Über 70 Jahre nach dem Krieg ist diese Art von Vergangenheitsbewältigung noch längst nicht abgeschlossen. Dagegen hat die Vergangenheitsbewältigung in Bezug auf die Zeit Deutschlands nach dem Krieg, die Auseinandersetzung mit den Gründen der Teilung des Landes und besonders mit ihren Folgen eigentlich noch immer nicht angefangen. Bis jetzt hat nur eine Distanzierung von der SED-Zeit stattgefunden. Dies ist aber eine Art, den Schuldigen in  Nachbars Garten abzuschieben.

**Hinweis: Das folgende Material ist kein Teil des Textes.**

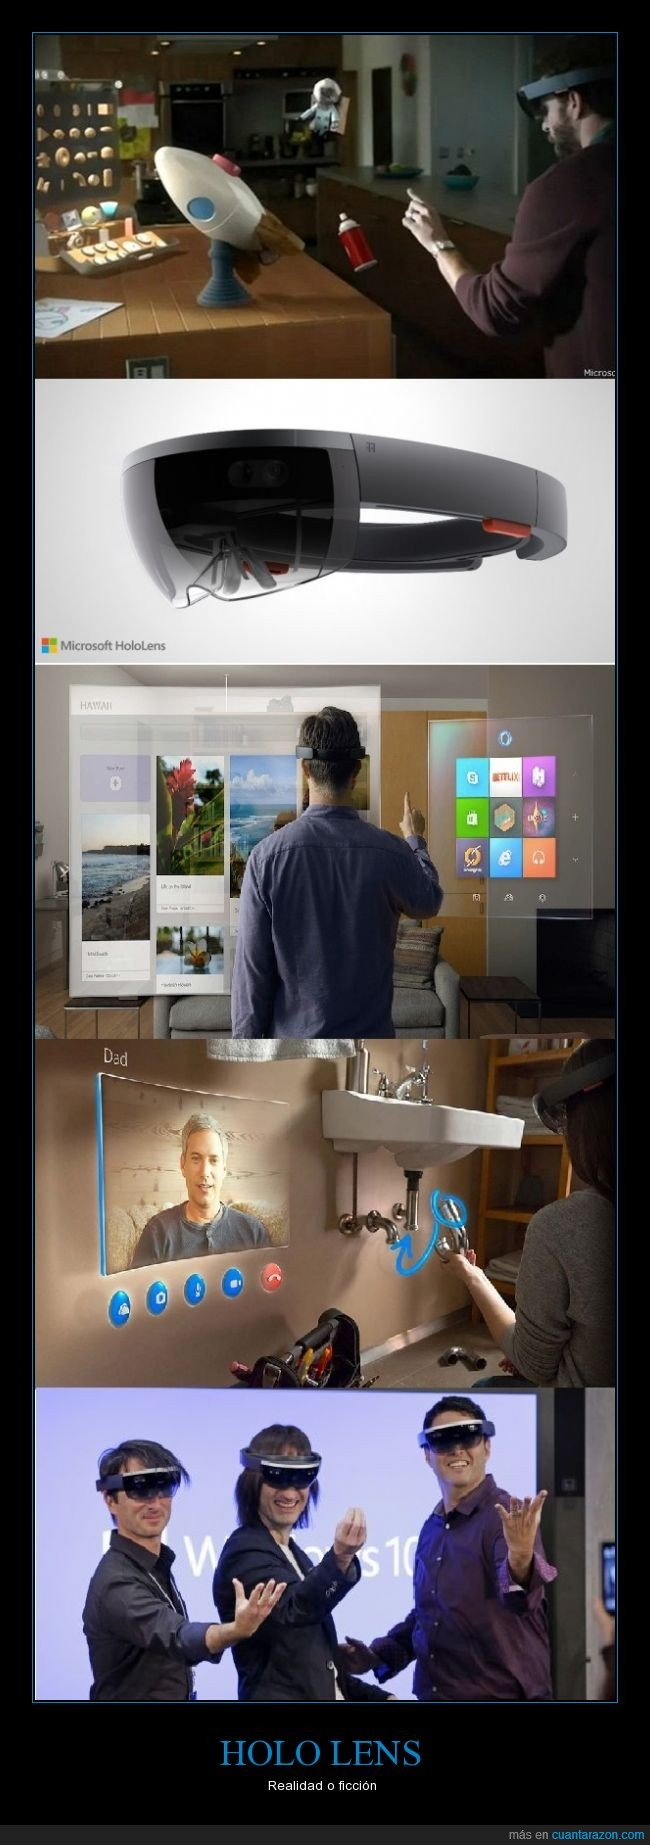 ficcion,futuro,Hologramas,lentes,Microsoft,realidad

Deutschland ist ein wieder vereintes Land, danach haben sich die Deutschen immer gesehnt. Somit  ist es unumgänglich, die Geschichte der DDR und die der Bundesrepublik als eine gemeinsame Geschichte zu betrachten. Denn die unterschiedlichen Entwicklungen in der Geschichte des Ostens und des Westen sind geboren aus den Folgen einer gemeinsamen Vergangenheit.

Kinder der gleichen Mutter

Ohne die Zeit vor dem Krieg und die Verbrechen des Nationalsozialismus hätte es keine Teilung gegeben. Und: Auch wenn sich die Zwillinge unterschiedlich entwickelt haben, sind sie doch trotzdem Kinder der gleichen Mutter.

Deswegen kann weder der Westen, noch der ehemalige Osten sich überlegen fühlen. Wichtig ist das gleichberechtigte und ernsthafte Bemühen beider Seiten um Aufarbeitung. Es ist an der Zeit, die Vergangenheit in ihrer ganzen Unterschiedlichkeit und Komplexität mit Objektivität anzuschauen und aus ihr gemeinsam zu lernen.

Nicht von Sieger und Besiegten, nicht von Gerechten und Ungerechten soll die Rede sein, sondern von einem wahrhaftigen Bemühen, das Knäuel der Kausalitäten und Abhängigkeiten zu entwirren, um so die Heilung der einzelnen Teile zu ermöglichen und zu einem gesunden Organismus zusammen zu wachsen. Erst wenn dies geschieht, werden die Brüder sich nicht mehr als Stiefbrüder betrachten, sondern sich gegenseitig und vollkommen annehmen können und auch politische Entscheidungen gemeinsam tragen können.

Carmen-Francesca Banciu ist in Rumänien geboren. Seit November 1990 lebt sie als freie Autorin in Berlin und leitet Seminare für kreatives Schreiben. Seit 1996 schreibt sie auch in deutscher Sprache. Zuletzt erschienen von ihr die Bücher "Leichter Wind im Paradies" und "Berlin is my Paris" auf Deutsch und Englisch. Im März wurde ihr neuer Roman "Lebt wohl, Ihr Genossen und Geliebten!" veröffentlicht.